Shaye’s vision for the business started when was a teenager. “It goes back to when I was at high school,” she said.

“I wanted to be a chef, but my mother talked me out of that and I ended up at David Jones working in the confectionery department, I always loved their amazing chocolates.”

Shaye, who also runs school and soccer club canteens, found she had time on her hands when the canteens were put on hold during COVID.

“I said to my husband, ‘I just want to make chocolate’,” she said. “He said, ‘You’ve said that since I’ve met you’.”

He encouraged Shaye to find out how to make chocolate and buy the equipment, both of which she’d already done.

“So I just started my chocolate,” she said.

Christmas cake

There is no waste from the Kiama Chocolate Company, as the husks can be used in recipes like Christmas cakes.

From there, the Kiama Chocolate Company was born.

“A couple of years ago, after I had my second child, I decided to do a patisserie course because that’s what I always wanted to do. I had a rough idea of chocolate and how to work with it, but not bean-to-bar,” Shaye said.

‘Bean-to-bar’ means Shaye ethically sources premium sundried cacao beans from farms that are part of a privately funded social enterprise called Makira Gold in the Solomon Islands.

She then roasts them; bean-to-bar makers roast their beans at different temperatures and lengths of time, which changes the profile of the chocolate.

The bean is then cracked with a large machine. Shaye is able to do this with a smaller variation of the machinery.

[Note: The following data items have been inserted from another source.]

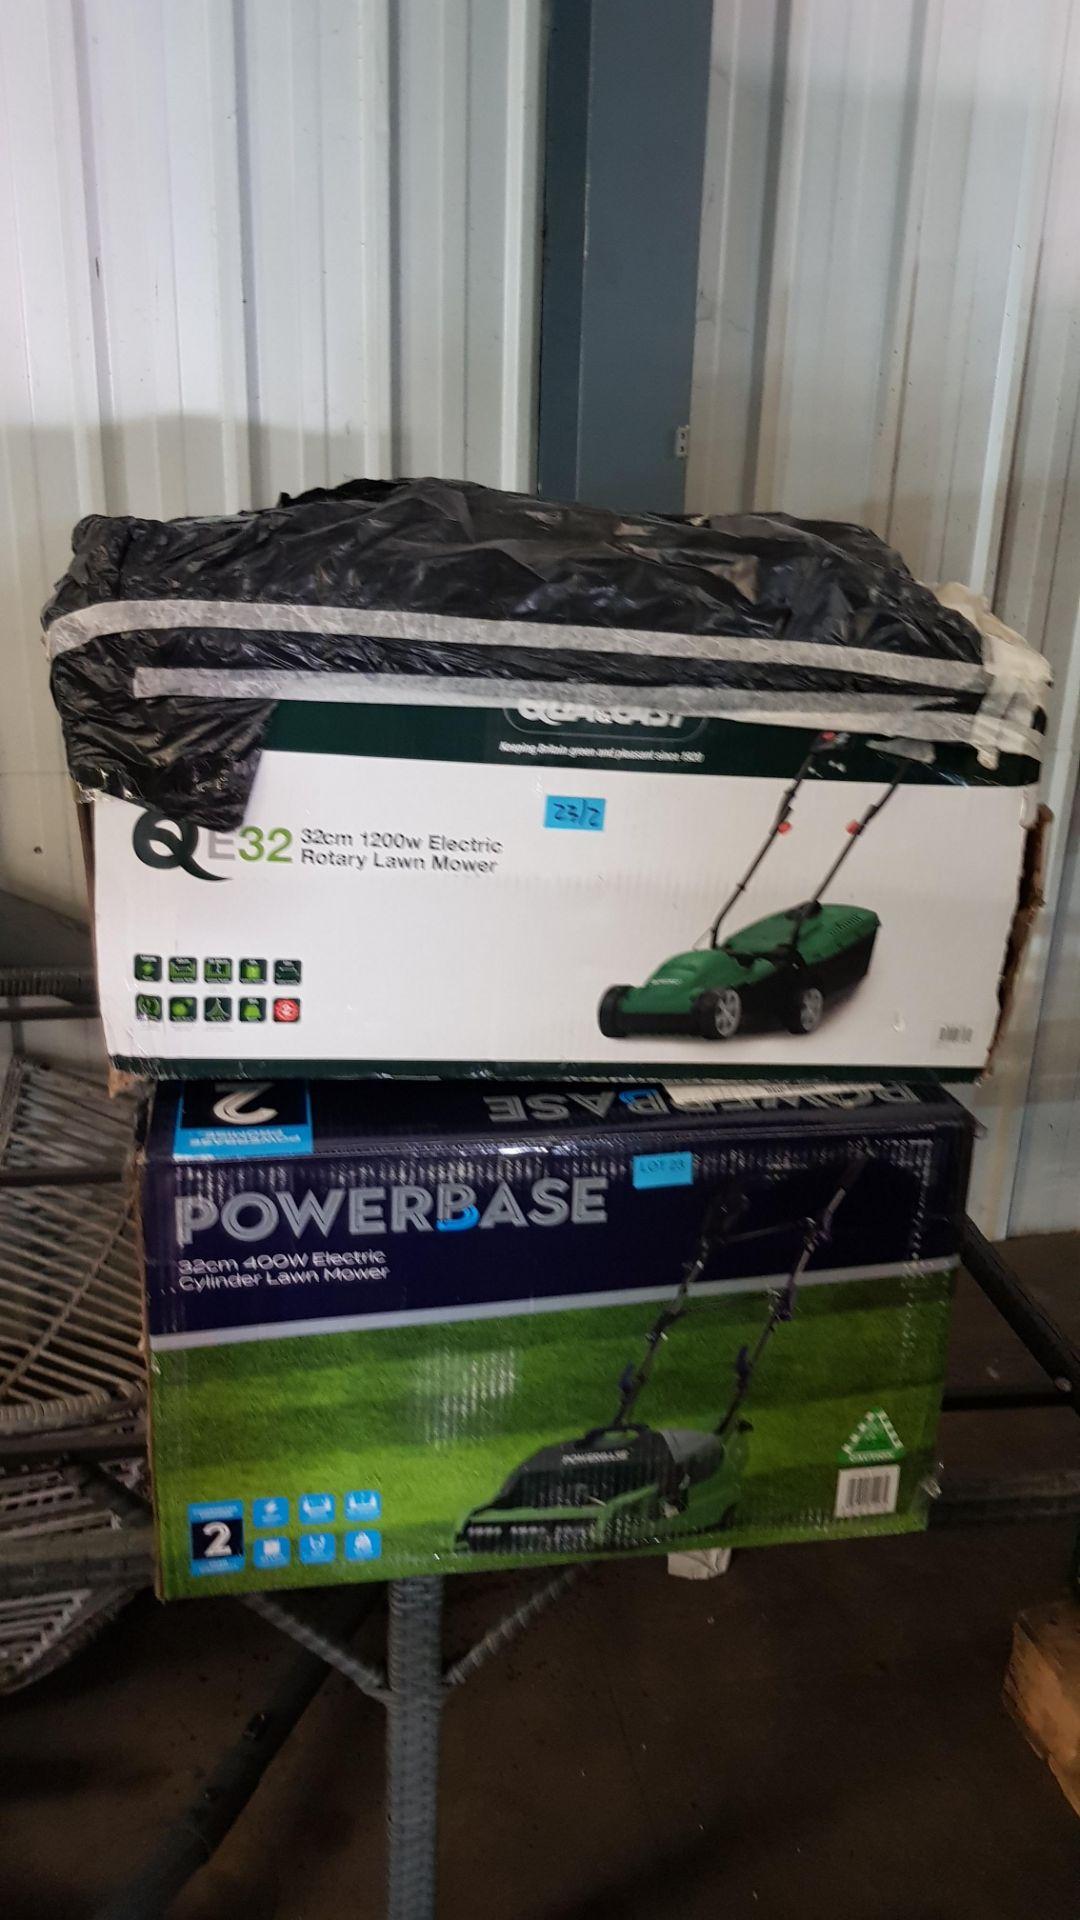 (P9) 2x Items. 1x Powerbase 32cm 400W Electric Cylinder Lawn Mower. RRP £89. 1x Qualcast 32cm 1200 - Image 3 of 3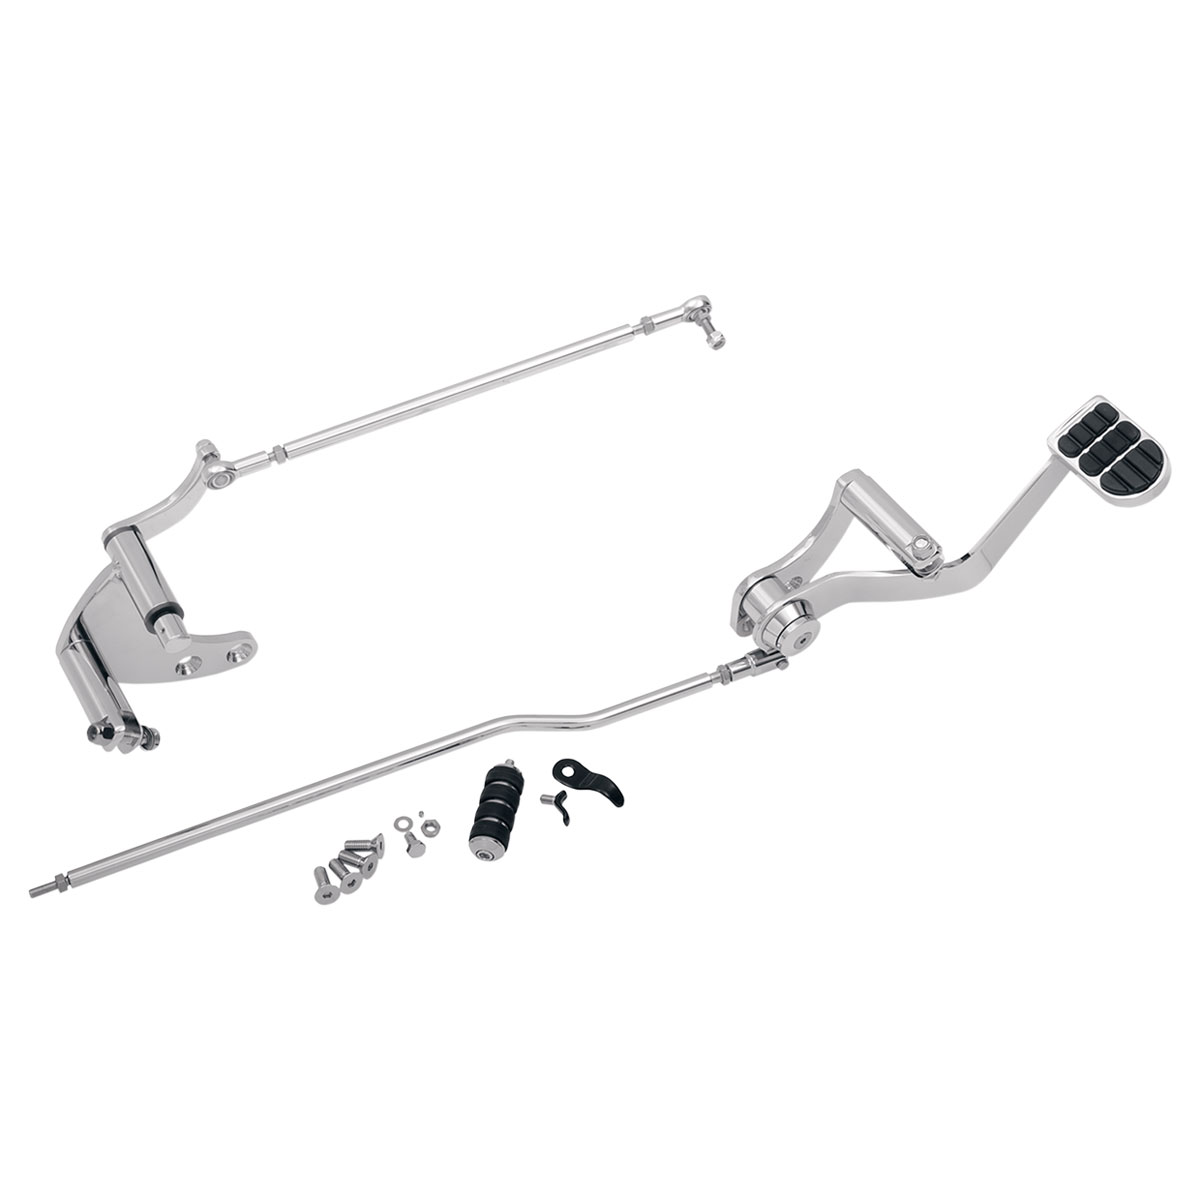 2003 Ford Escape O2 Sensor Location Schematic additionally Wiring Diagram For Pressure Washer further Dodge Neon Camshaft Sensor Location also Spark Plug Location On 2002 Trailblazer further 1999 Honda Fuse Box Diagram. on 2008 jeep grand cherokee radio wiring diagram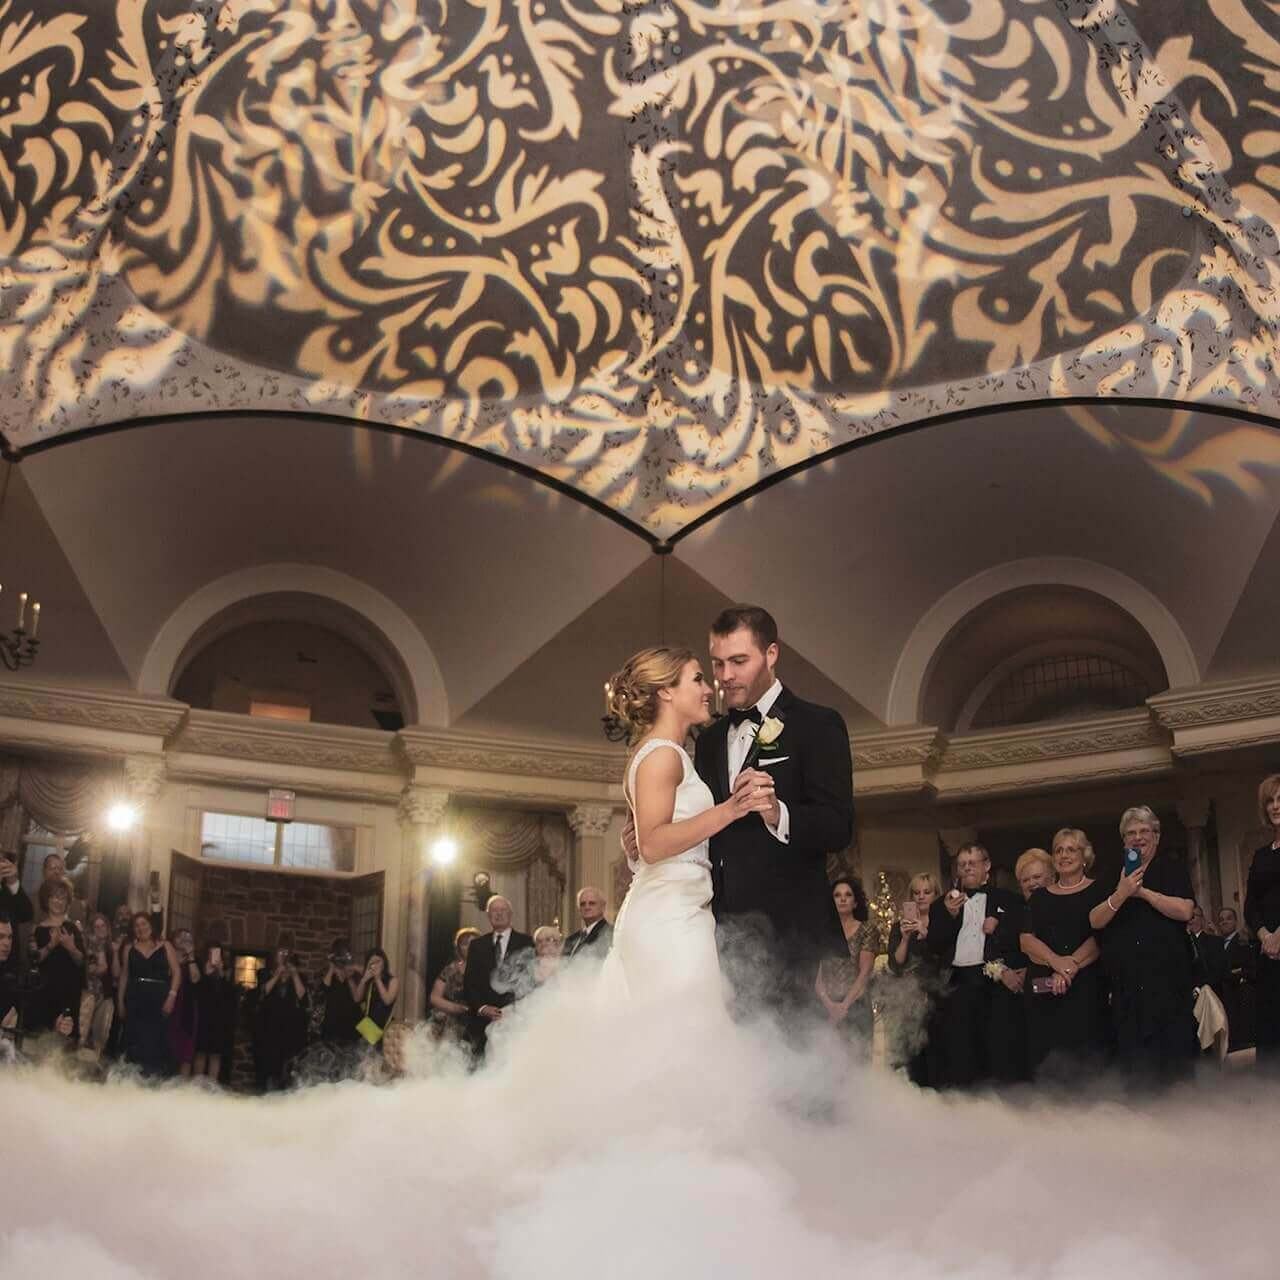 Special Wedding Lighting

“Then we have to winnow them, which is separating the husk from the cacao nib,” she said. “That’s a homemade contraption I have with pipes, a bucket and a vacuum. It pretty much sucks the lighter husk away from the nib.

“It’s very time-consuming, because you’ve got to feed them in very slowly.”

She then refines it down. Dark chocolate requires the nib, cocoa butter and sugar, depending on the percentage of dark chocolate. Milk chocolate, on the other hand, uses hibs, full cream milk powder, cocoa butter and sugar.

The refinery, a granite roller on a granite base, refines down the nib over a 24 to 48-hour period into a micron that your tongue cannot detect anymore.

It then becomes chocolate, which needs to be tempered to align the crystals in the chocolate to create a shine and hard snap.

READ ALSO A growing love affair: How Cupitt’s Estate and Winery came to be

Shaye strives towards no waste in the business, so she uses the husks and nibs in her Christmas cakes too.

The chocolates are sold through Inspired Kiama on Terralong Street, The Top Shop Kiama on Manning Street, and occasionally at farmers’ markets.

“I really like my freedom of coming up with different flavours,” Shaye said. “So I can do 18 bars of one flavour one week and 18 bars of a different flavour the next.”

While she’s still working at the canteens, her goal is to transition more into the chocolate business.

“A lot of small batch operators do go broke because of the cost of the equipment,” she said. “So I’m lucky to have something to support my family at the moment and move towards my dream one day.

“I want my chocolate company as a shop in Kiama – very David Jones with the big beautiful window display. That’s my dream one day.”